Statute of Limitation laws are complex and very confusing. The idea is that there is a limit of time after an “event” to take legal action. For example, in California, if I drive my car through your living room, you have 3 years to sue me. However, if I “accidently” punch you in the head, you have only 2 years to sue me. But what about debts? That’s why we are here after all.
Generally speaking, a creditor can no longer sue for a bad debt after 4years. But that does not prevent collection attempts. The creditor, after 4 years, can still try to collect on the debt, they just cannot sue you in a court of law. But the real tricky part is avoiding the creditor for those 4 years. And if you accept any type of responsibility for the debt during this time, the clock “resets” and the 4 years starts all over. So if during this time frame your get a collection call, be VERY careful what you say.
You have the right to remain silent, anything you say can be used against you in a court of law.
So when does this 4 year period start? I’m glad you asked. For the most part it is the date of the last “activity” on the account. This could be the last purchase date, or the last payment date. Or, if you were not paying attention to the previous paragraph, it could be the date of the last “acknowledgement” of the debt. The laws vary state to state, so as always, it is best to speak to a local attorney regarding the specifics.

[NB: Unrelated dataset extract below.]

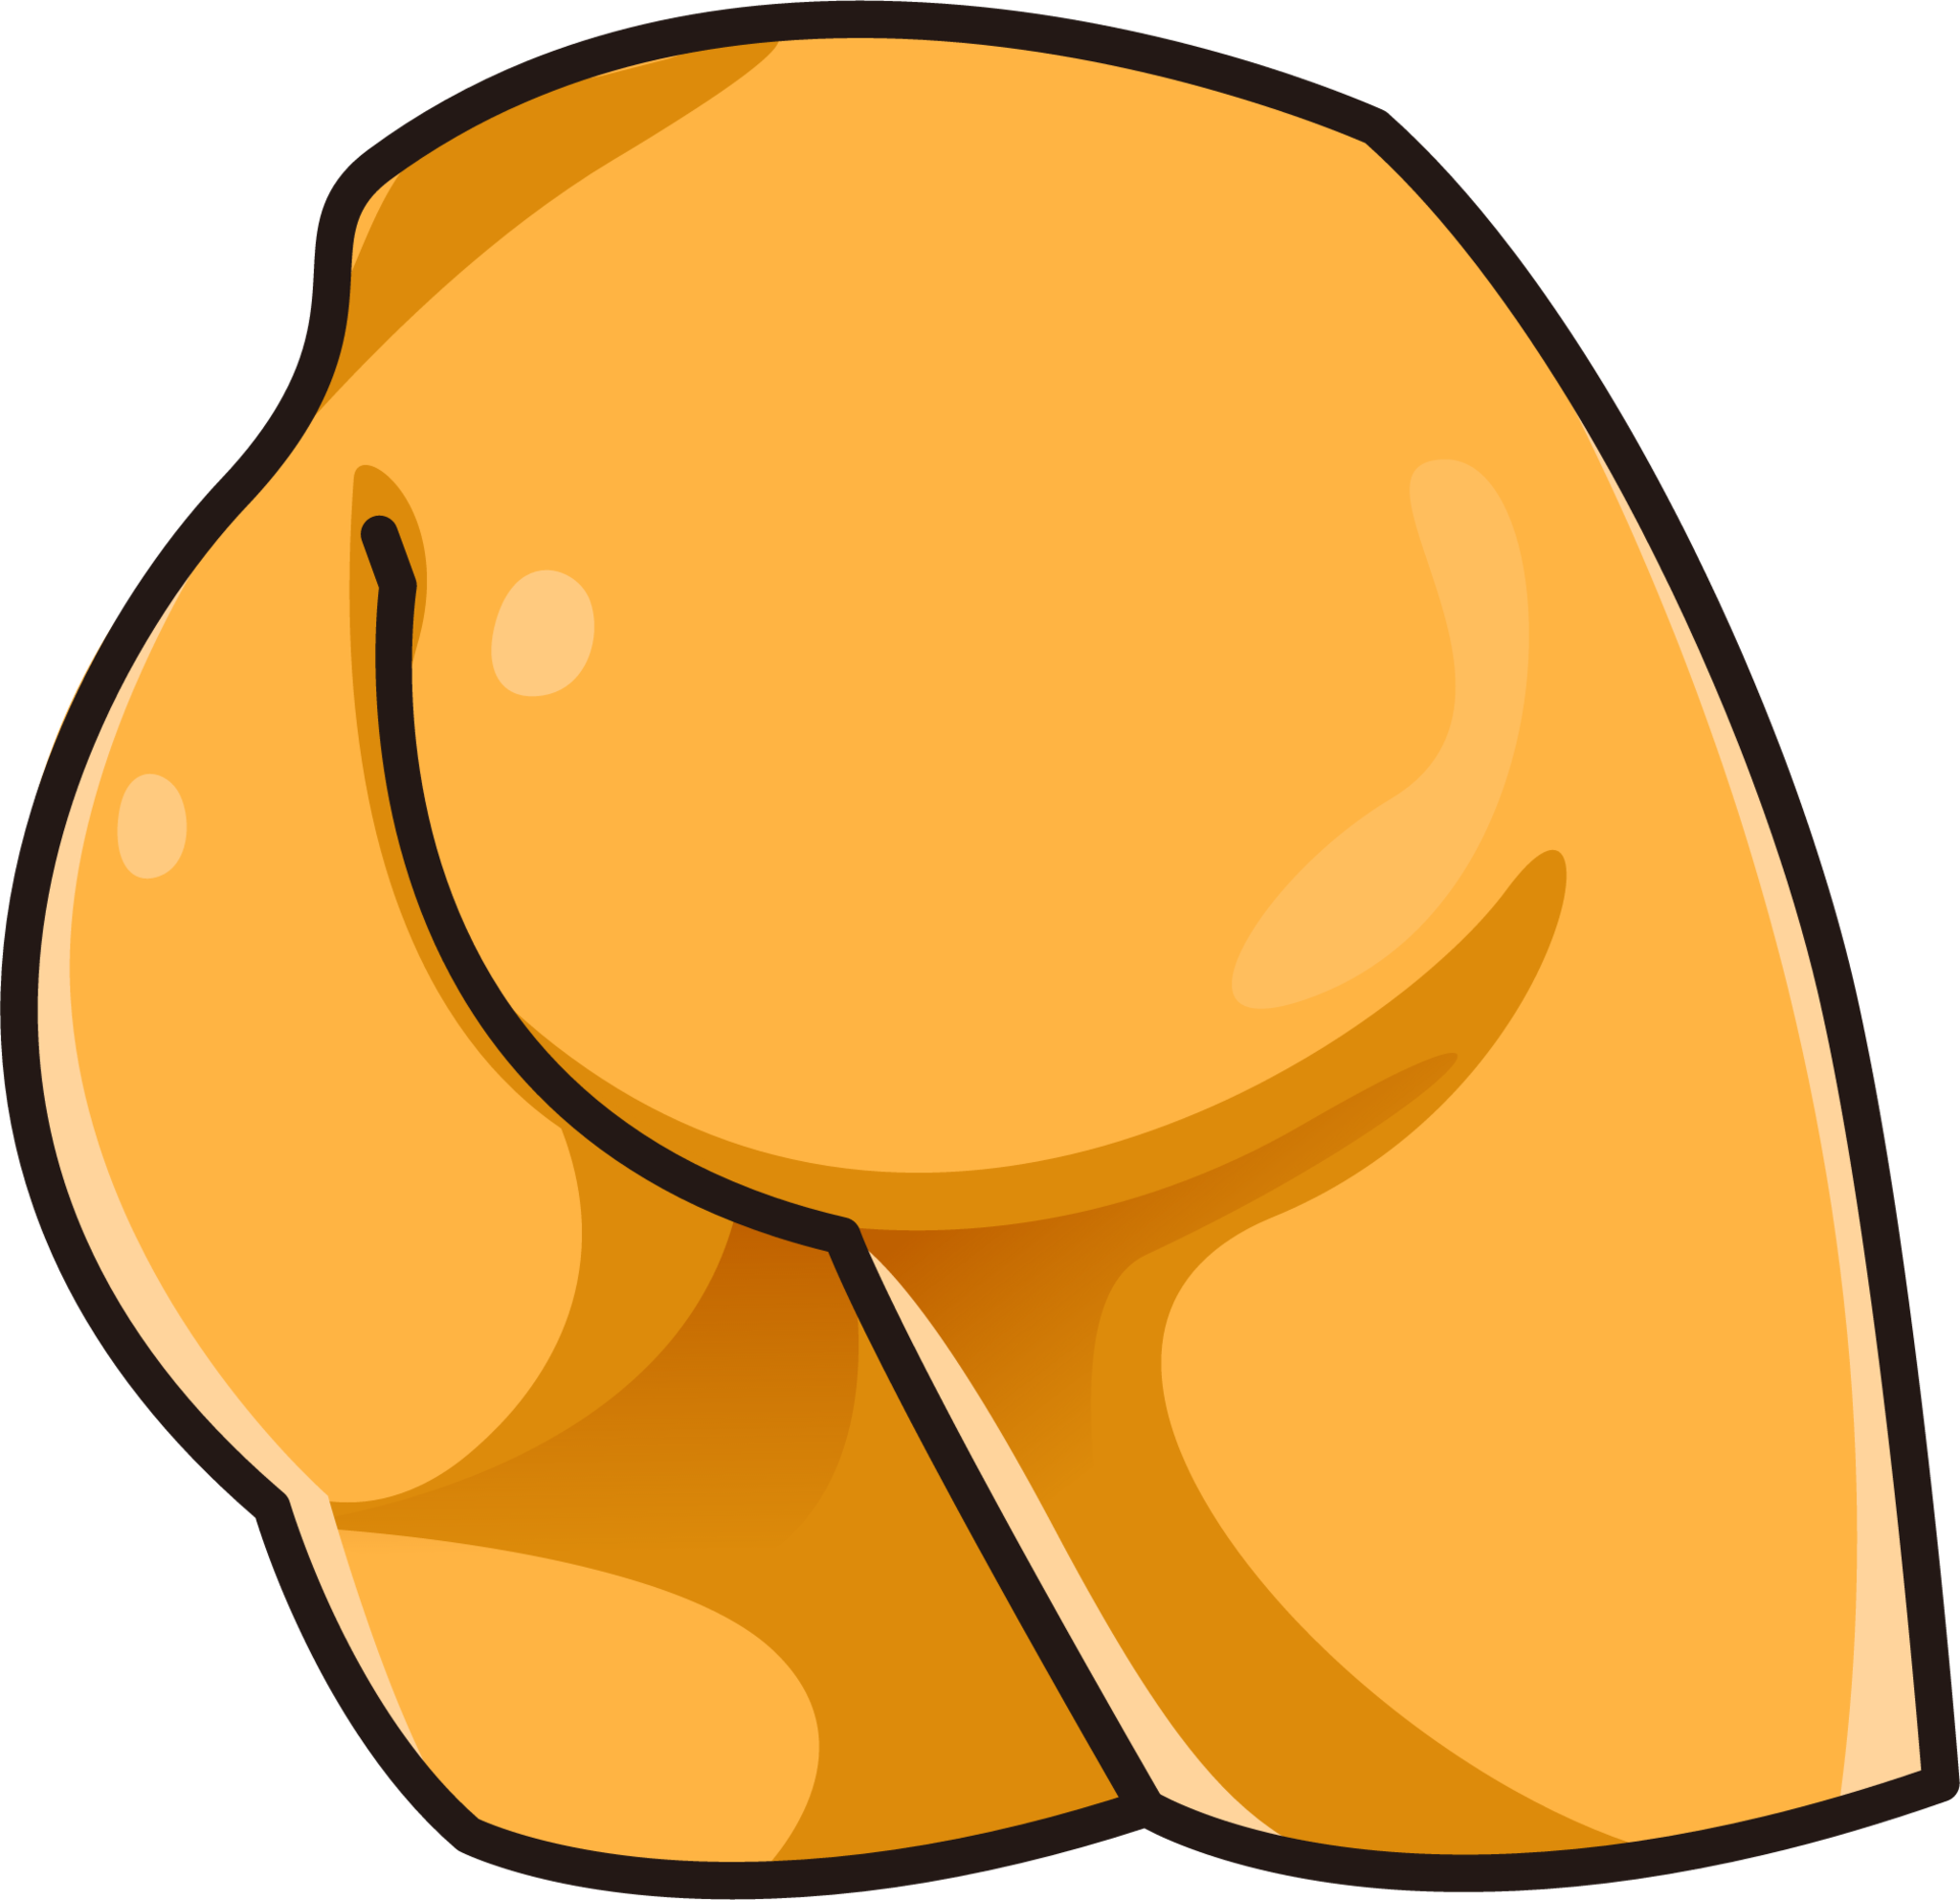 butt-emoji-2048x1985-wlvvsddm.png

I have heard on many, many occasions, that someone who is considering filing a bankruptcy may be close to the statute of limitations and does not need to file. But remember, the most important thing in a case like this, the statute of limitations only prevents a creditor from suing you in a court of law. The bills and phone calls (ohhhh……….the phone calls!) do not have to stop. They may continue to make your life miserable.
So, unless you are planning to go off “the grid” and live in a shack somewhere in the deep forest, the Statute of Limitations does not mean a whole lot.